The way to make ECRs less concerned about the publication (rejection) process then is to provide more of this low stakes feedback on the quality of the work. During a PhD, this is the job of the supervisor(s) and the internal network. But many won’t have this internal network, won’t have engaged supervisors, and won’t have their own network to draw on. What can be done in this case, presuming the high-stakes, high-value and importance of publications is not going away any time soon?

  1. Make work public. By making work public through blogs and social media, feedback can be informal. This takes a bit of culture change; experienced researchers shouldn’t expect the work to be perfect and ECRs shouldn’t be worried about being judged for work in progress. In a (rejected!) article review, the reviewer began by saying that I should not have written a blog on the topic before it had passed review. I see the logic (that it had not been given the seal of quality) but think that the process of making work public and scrutinisable before submission increases quality. Besides, peer review can take years from first submission to eventual publication, and some research is topical and deserves to be out there. This also requires people to actively give their thoughts on the work, either privately or publicly.
  2. Reach out to people. Failing an internal network, ECRs should reach out to people within their field for feedback on drafts. And, of course, those more experienced should see this as normal — even if they decline to do so because of time or inclination!
  3. Make conferences worthwhile. One feedback mechanism we do have is conferences. Typically, you’d deliver a 10–20 minute presentation and have 10–20 minutes of Q&A. This can be useful, depending on the audience, but often the feedback is not on a paper and so not necessarily useful for the overall quality. Providing in depth feedback is a lot of work and it is unreasonable to expect everyone to do it. But having a system in place, like a discussant, can be useful in getting at least one in depth external opinion alongside the more general feedback from the presentation. It’s also important to choose conferences that maximise quality feedback. Even so, conferences can still feel ‘high stakes’, especially towards the end of the PhD or if the audience consists of experienced academics (enter graduate student conferences!).
  4. Establish a group within your cohort. This is directly for current PhDs. One way is to establish a feedback circle within your cohort, even if they do not work on similar topics.

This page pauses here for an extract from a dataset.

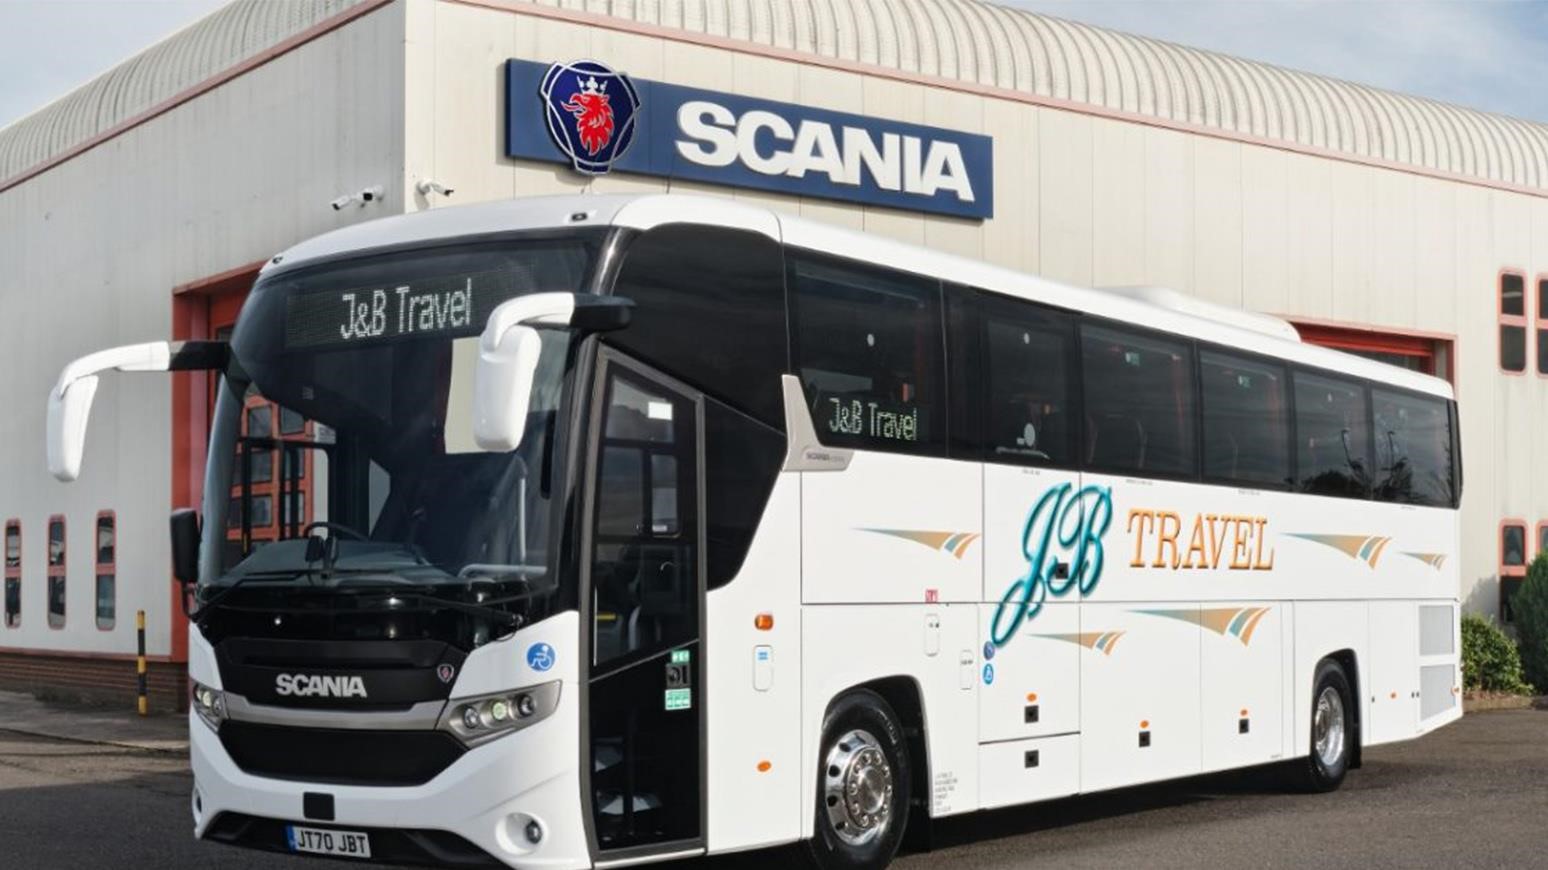 Leeds-Based Coach Hire Company’s Fleet Grows By One Scania Interlink HD Bus

This is very low stakes and with a potentially high reward.

Perhaps I am completely wrong, and that for most it really is just being rejected and not what the signals about the quality of work (or not). And there are certainly many other reasons rejection is shit: it’s crucial for a career and you may have been waiting six months for the review, and don’t have time to send it out and hear back before applying for future work. But that seems like a separate issue.

Ultimately, the issue with rejection is whether it signals the overall quality of the work or not, not the rejection itself. And the way to help that issue is by providing more frequent, low-stakes, high-quality feedback independent of the review process. These are just four potential ways I’ve found useful, but a real solution would have to be profession-wide.

*An experienced professor suggested to me that one way of easing the anxiety is to look at the reviews. Are they positive, but you got rejected anyway? Or were they harsh and undermined the study (methodologically, topic wise, etc)? In other words, the content of the rejection can help you decide which camp the paper falls into. The issue is that this depends on reviewers. I have one paper which is currently on its second rejection. The first set of reviewers completely dismissed it, seeing it as uninteresting and poorly executed. The second set of reviewers said it was ‘very important, interesting, well-researched and well-written’. Between the two reviews, I made zero changes. They also suggested not to worry until you hit 6 or more rejects — which is comforting, if not entirely solving the problem.